The result of N2O5 is an elevated baseline in each of the PN, AN, and HNO3 channels before the VOC is added. If an accurate N2O5 measurement is available, the interference from N2O5 (and NO3) can be subtracted from each channel, and these pre-VOC injection signals can be used to assess the likely lower inlet transmission of N2O5 and NO3 vs. the more stable PNs, ANs, and HNO3. In the absence of a separate N2O5 measurement, kinetic modeling can be used to predict how much N2O5 will be formed in each experiment, which can then be subtracted. For example, in chamber experiments, comparing modeled N2O5 amounts to the amounts of signal in the AN, PN, and HNO3 channels before VOC is added can quantify what fraction of N2O5 appears in each channel. If Reaction (R3) happens across the PN and AN temperature range (130–385 ∘C) and Reaction (R4) between the AN and HNO3 range (385–700 ∘C), the sum of the signals from the AN and PN channels before the addition of VOC should be equivalent to the N2O5 signal from the HNO3 channel (from the NO3 fragment of the N2O5 dissociating to NO2). For the instrument application shown here, operating at UC Irvine in September 2019, 7 % of the modeled N2O5 produced based on a model constrained to measured NO2 and O3 is detected in the PN channel at 150 ∘C and 28 % in the AN channel at 385 ∘C.
3.5 Determination of denuder efficiency
The activated carbon denuder was tested for efficient removal of gas-phase molecules by flowing gas mixtures of single molecules diluted in zero air through the denuder. Gas mixtures were tested at several concentrations to determine if efficiency was concentration-dependent. Transmission of the denuder is defined to be the percentage of gas-phase molecules that passed through the denuder and were detected downstream when all should have been removed.
NO2 transmission was tested in 2016 at two relatively low concentrations, to mimic atmospheric conditions, and one higher concentration to mimic chamber conditions. In all cases at this time, more than 96 % of the NO2 was absorbed (Table 1). NO2 concentrations ranged from 26 to 271 ppb. In 2019, NO2 transmission was again tested to assess changes in denuder performance over time, at 275 ppb. The larger observed NO2 transmission in 2018 suggests a drift in the gas-phase breakthrough over time. Because transmission appears to change over time, we recommend making periodic measurements and updating correction factors accordingly. Denuders can be cleaned by gentle heating and zero-air flow.

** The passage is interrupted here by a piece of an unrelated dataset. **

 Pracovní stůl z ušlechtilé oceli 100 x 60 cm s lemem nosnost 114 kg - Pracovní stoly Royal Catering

The same process was used to determine the transmission of isobutyl nitrate (an alkyl nitrate) in 2016 (Table 2). The outlet of the denuder was connected to both Channel 1 (temporarily at 520 ∘C) and Channel 2 (385 ∘C). The transmission of the denuder was not dependent on the concentration of gas in the original gas mixture or on which oven was used. This AN transmission was also retested in 2019, and in this case, no significant change in breakthrough was observed. These measured fractions of gas-phase breakthrough can be used to correct the aerosol measurements made in the denuded channels of the instrument cycle (see discussion of corrections below).

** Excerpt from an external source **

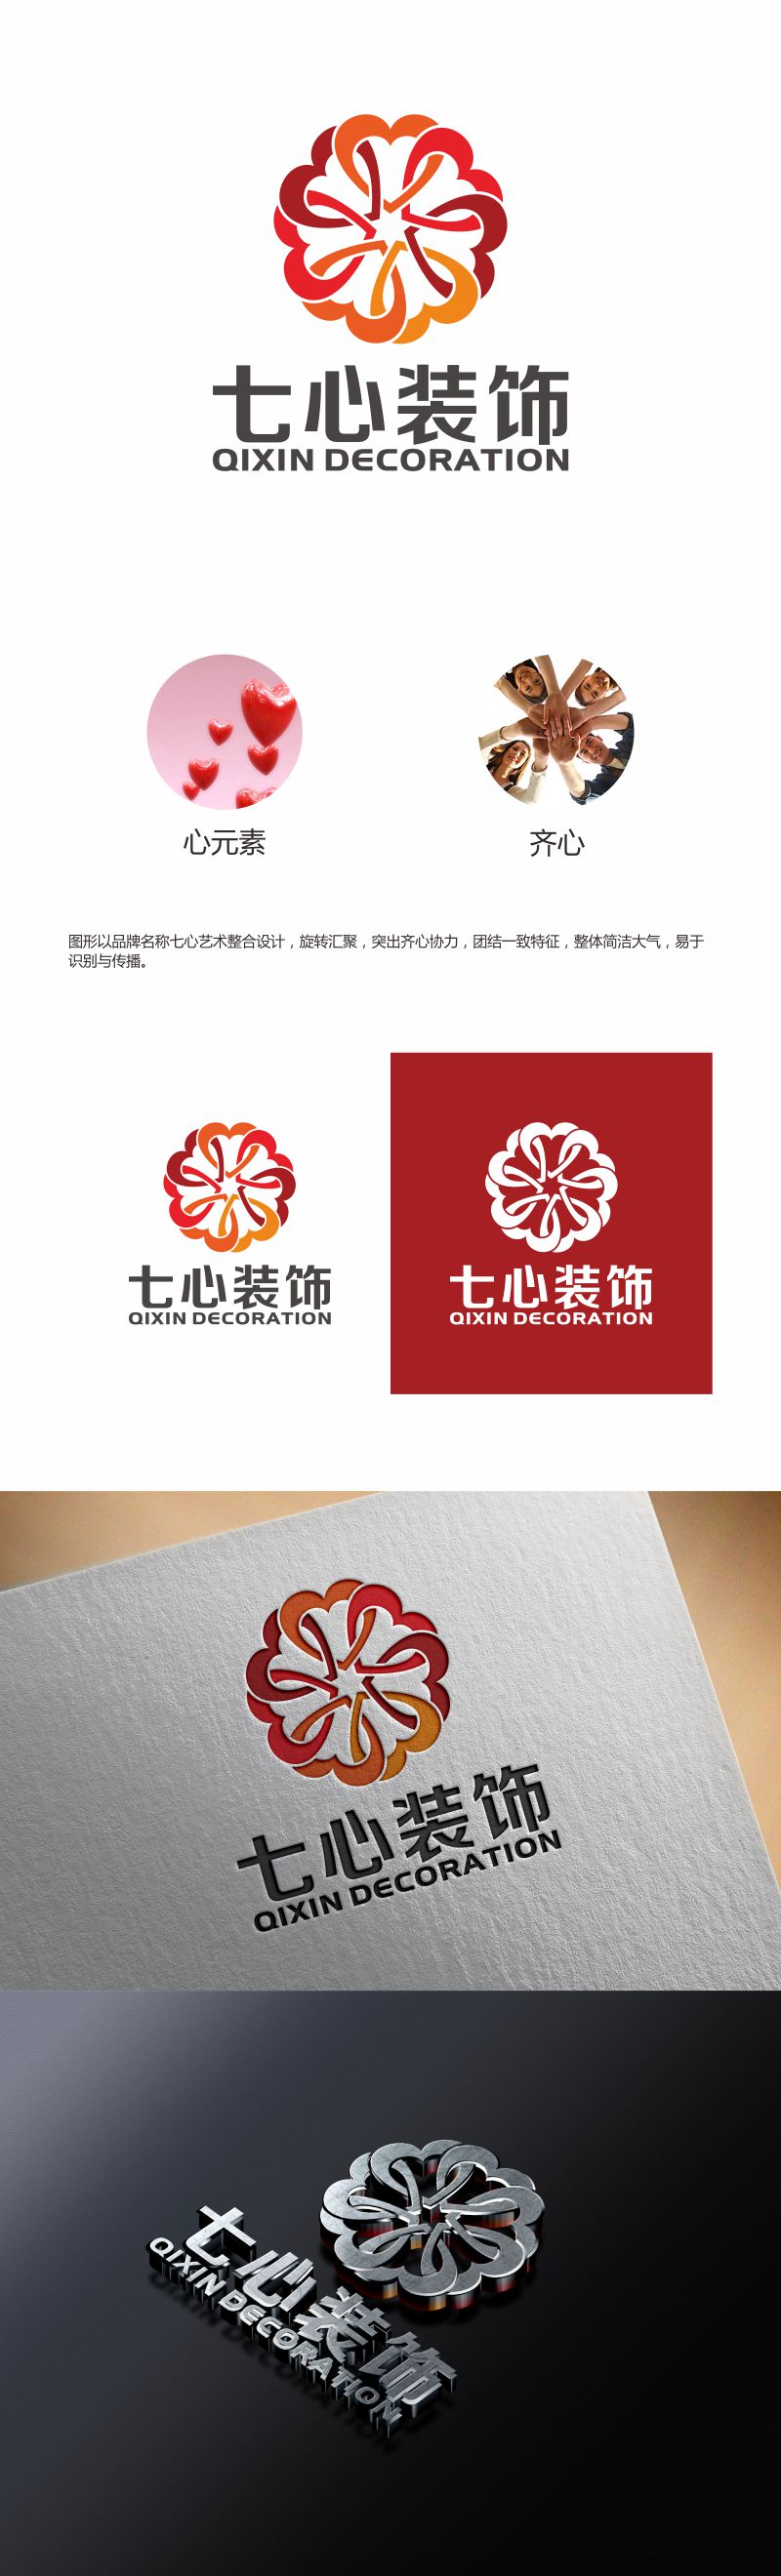 何嘉健的昆明七心装饰设计有限公司logo设计

A chamber experiment with Δ-carene was performed to generate organic aerosol particles in order to test the aerosol throughput of the denuder. Low-NOx chamber conditions (450 ppb O3, 3 ppb NO2) were used to minimize potential N2O5 interferences. First, the chamber was hooked directly to the SEMS in order to get a background measure for the number of particles in the bag. Then the chamber mixture was pulled through the TD-CRDS inlet tubing while bypassing the denuder in order to quantify particle losses to the tubing. Finally, the chamber mixture was sampled while flowing through the tubing and the denuder to get the total particle loss through the instrument. The time series of this experiment is shown in Fig. 7. In order to quantify the efficiency of the denuder and tubing inlet of the TD-CRDS, the particle volume was averaged over the sampling time under each condition. This assumes particle concentration in the chamber was constant over the course of the entire experiment. Since the chamber had been running for 24 h prior to measurements, it is reasonable to assume that all concentrations had reached equilibrium.

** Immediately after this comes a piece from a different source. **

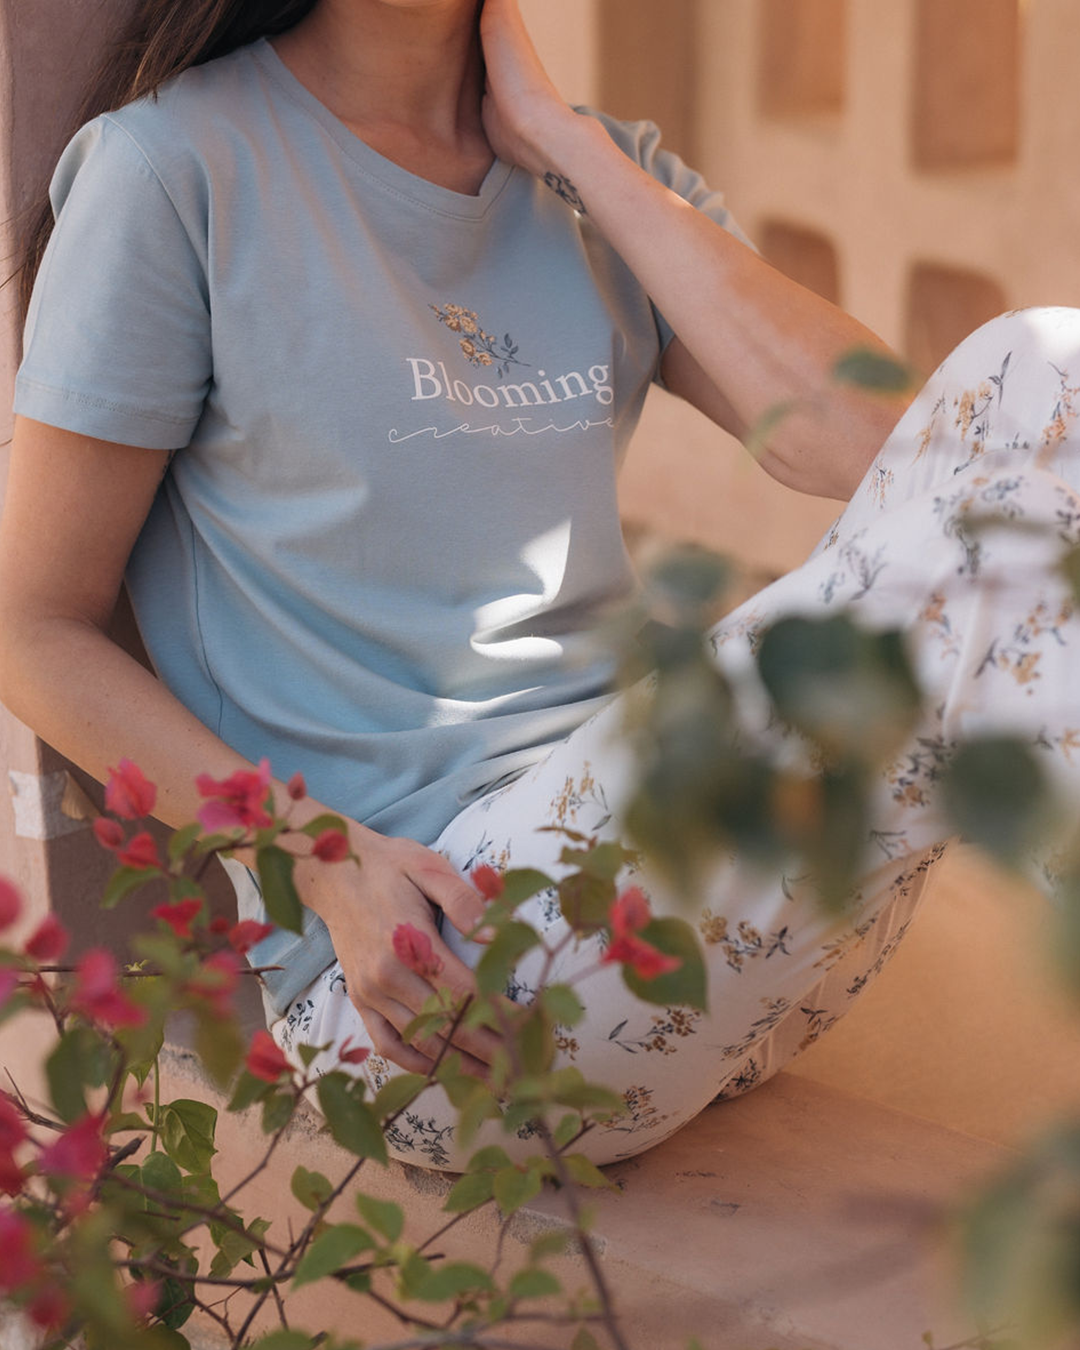 Bloom women's pajamas

A total of 28 % of the aerosol particles (assessed by volume) that flow into the instrument was lost to the tubing and the denuder before detection. There does not appear to be any bias toward removing smaller or larger particles. The denuder is responsible for only 10 % of total particle loss. This suggests that every deployment of this instrument should carefully consider and, if possible, quantify inlet line losses.
3.6 Determination of detection limits
The CRDS can be set to zero automatically at regular intervals, which is accomplished by diverting inlet air through an NO2 scrubber. The instrument is typically set to run its 3 min zero every 2 h. The re-zeroing procedure results in small changes to the baseline before and after zeroing events. On ambient measurements, these changes are typically less than 0.5 ppb (see Fig. S3), and on zero air, they are typically less than 0.2 ppb and are sometimes positive and sometimes negative. We determine the standard deviation of 4 h of zero measurements (0.16 ppb) to estimate our blank error, σzero.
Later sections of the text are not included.